(Beginning of DATASET EXTRACT)

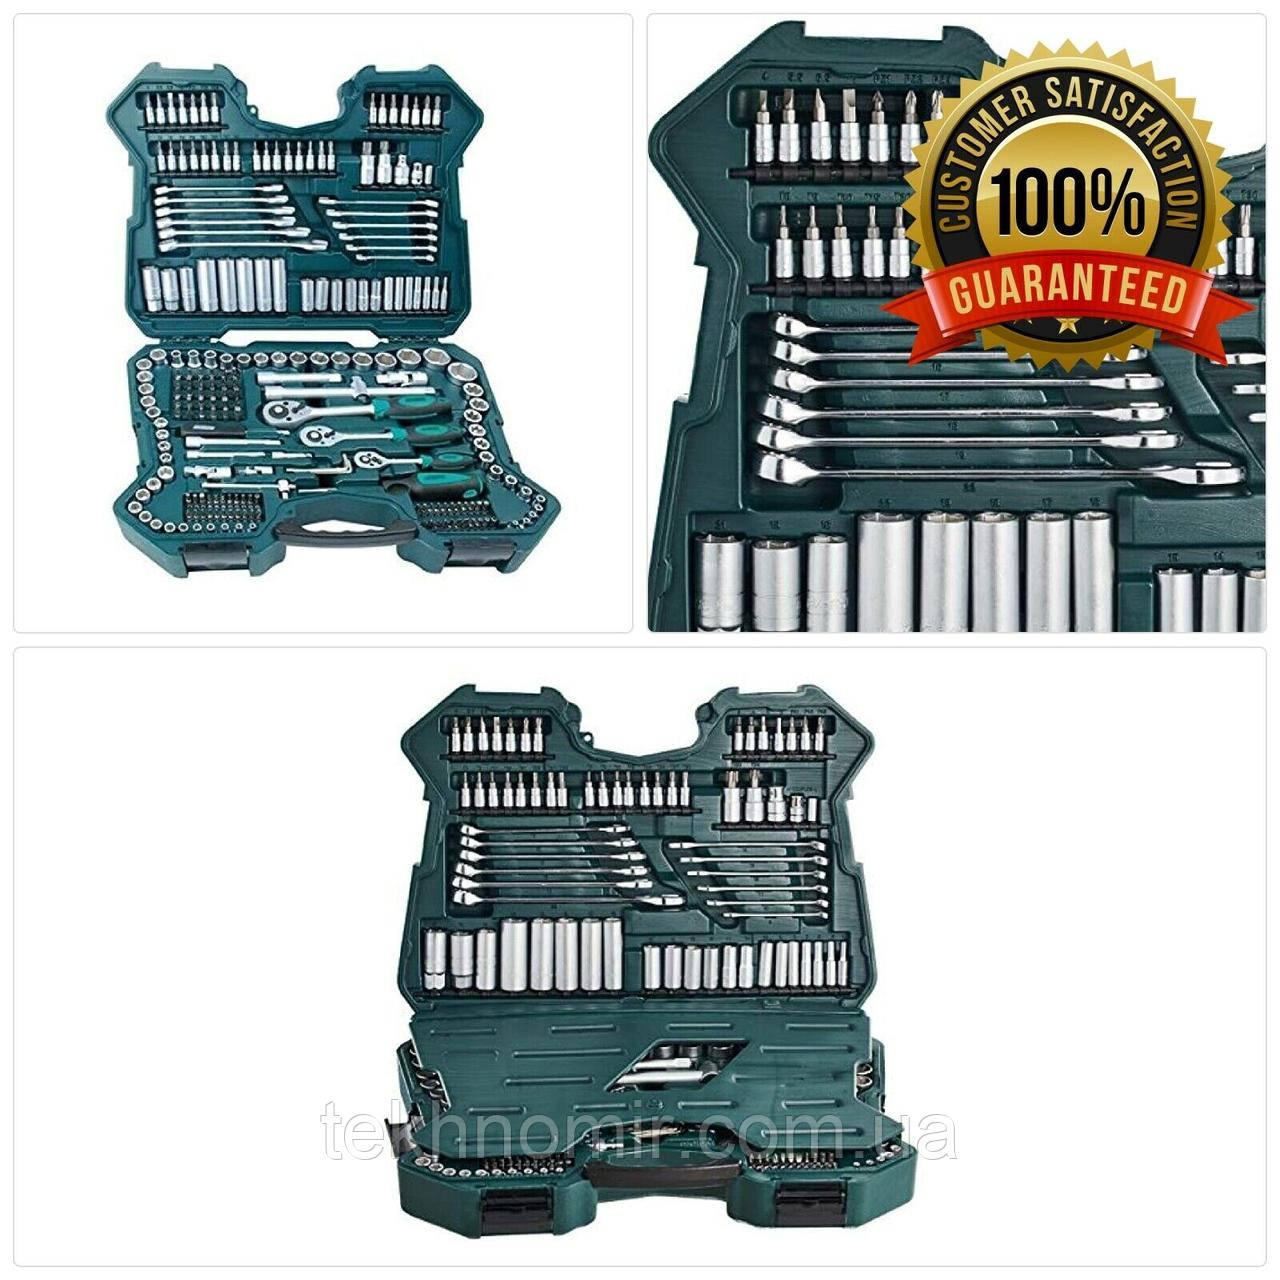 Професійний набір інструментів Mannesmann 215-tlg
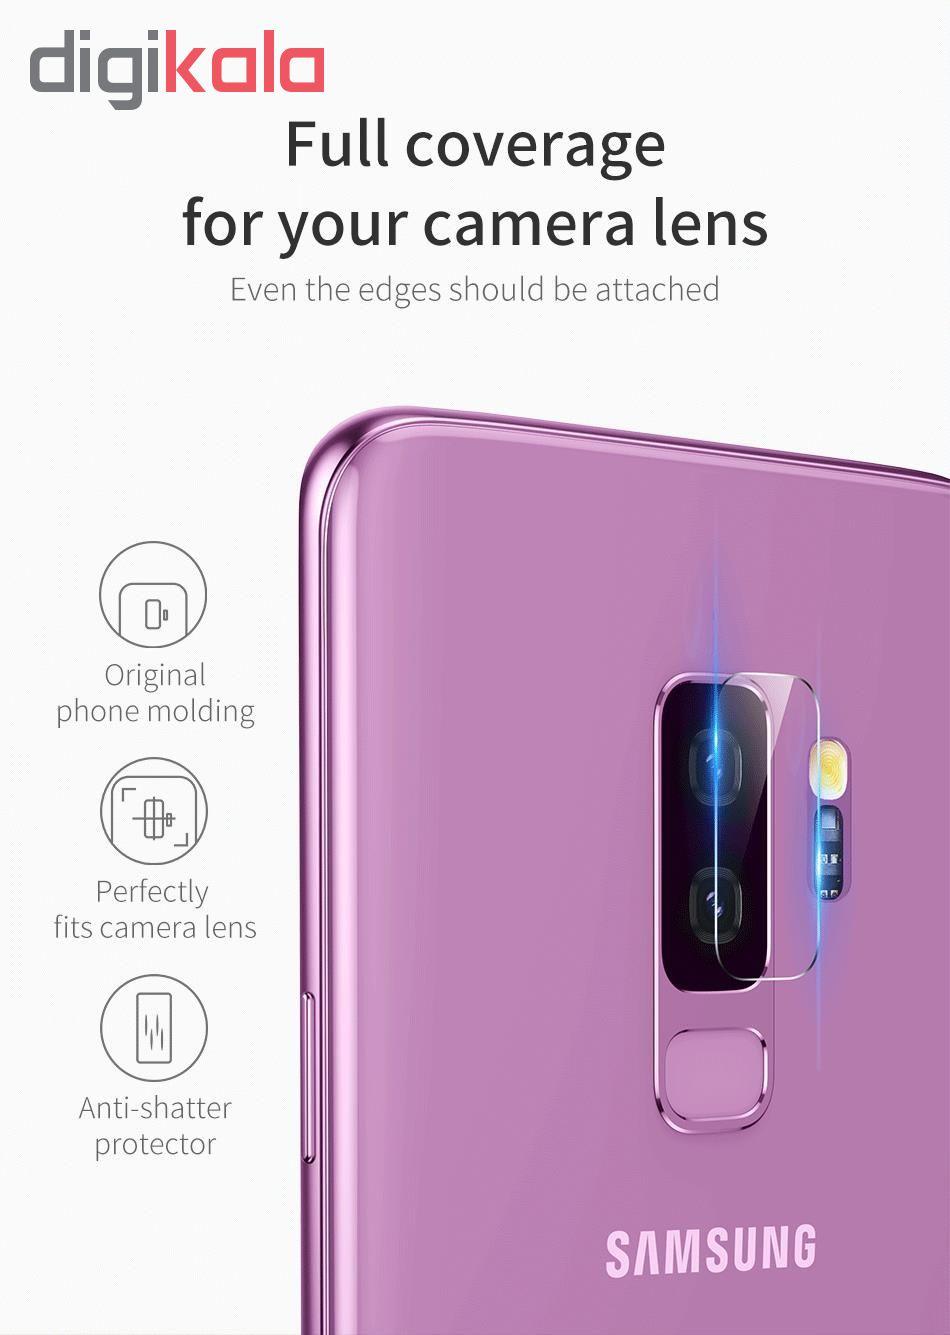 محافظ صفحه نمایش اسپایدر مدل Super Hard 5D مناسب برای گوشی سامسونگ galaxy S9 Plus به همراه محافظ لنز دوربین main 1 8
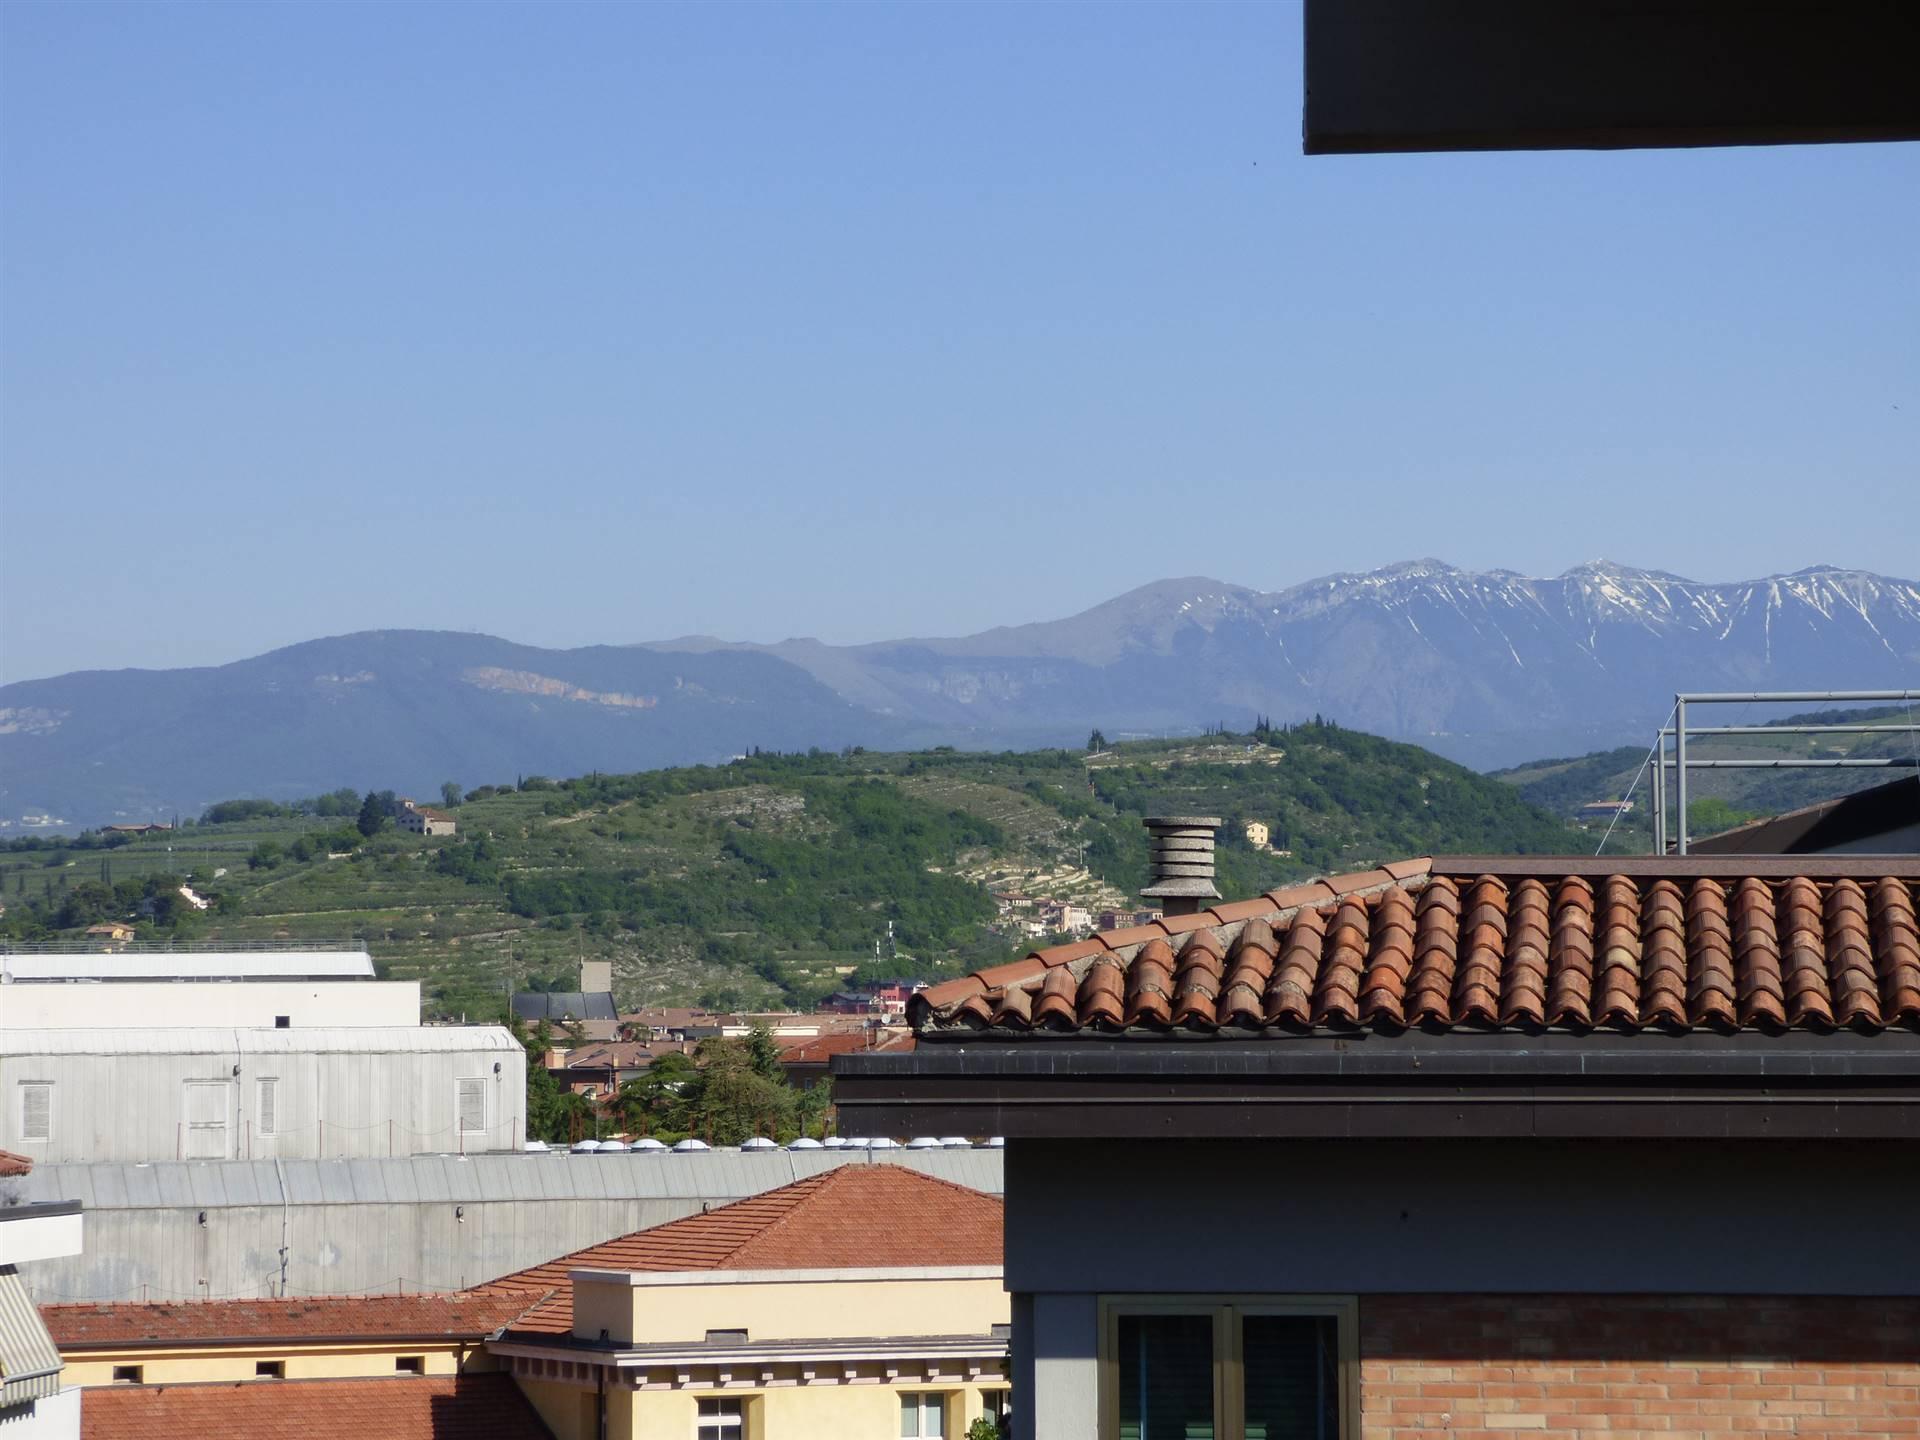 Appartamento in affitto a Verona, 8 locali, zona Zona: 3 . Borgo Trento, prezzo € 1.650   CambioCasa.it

(End of DATASET EXTRACT)

## YOUR GOAL
The answer should consist only of the lines from the line with "محافظ صفحه نمایش" through the last line of the data, repeated exactly; pictures stay out.

## RESPONSE TO THE TASK
 محافظ صفحه نمایش اسپایدر مدل Super Hard 5D مناسب برای گوشی سامسونگ galaxy S9 Plus به همراه محافظ لنز دوربین main 1 8
 Appartamento in affitto a Verona, 8 locali, zona Zona: 3 . Borgo Trento, prezzo € 1.650   CambioCasa.it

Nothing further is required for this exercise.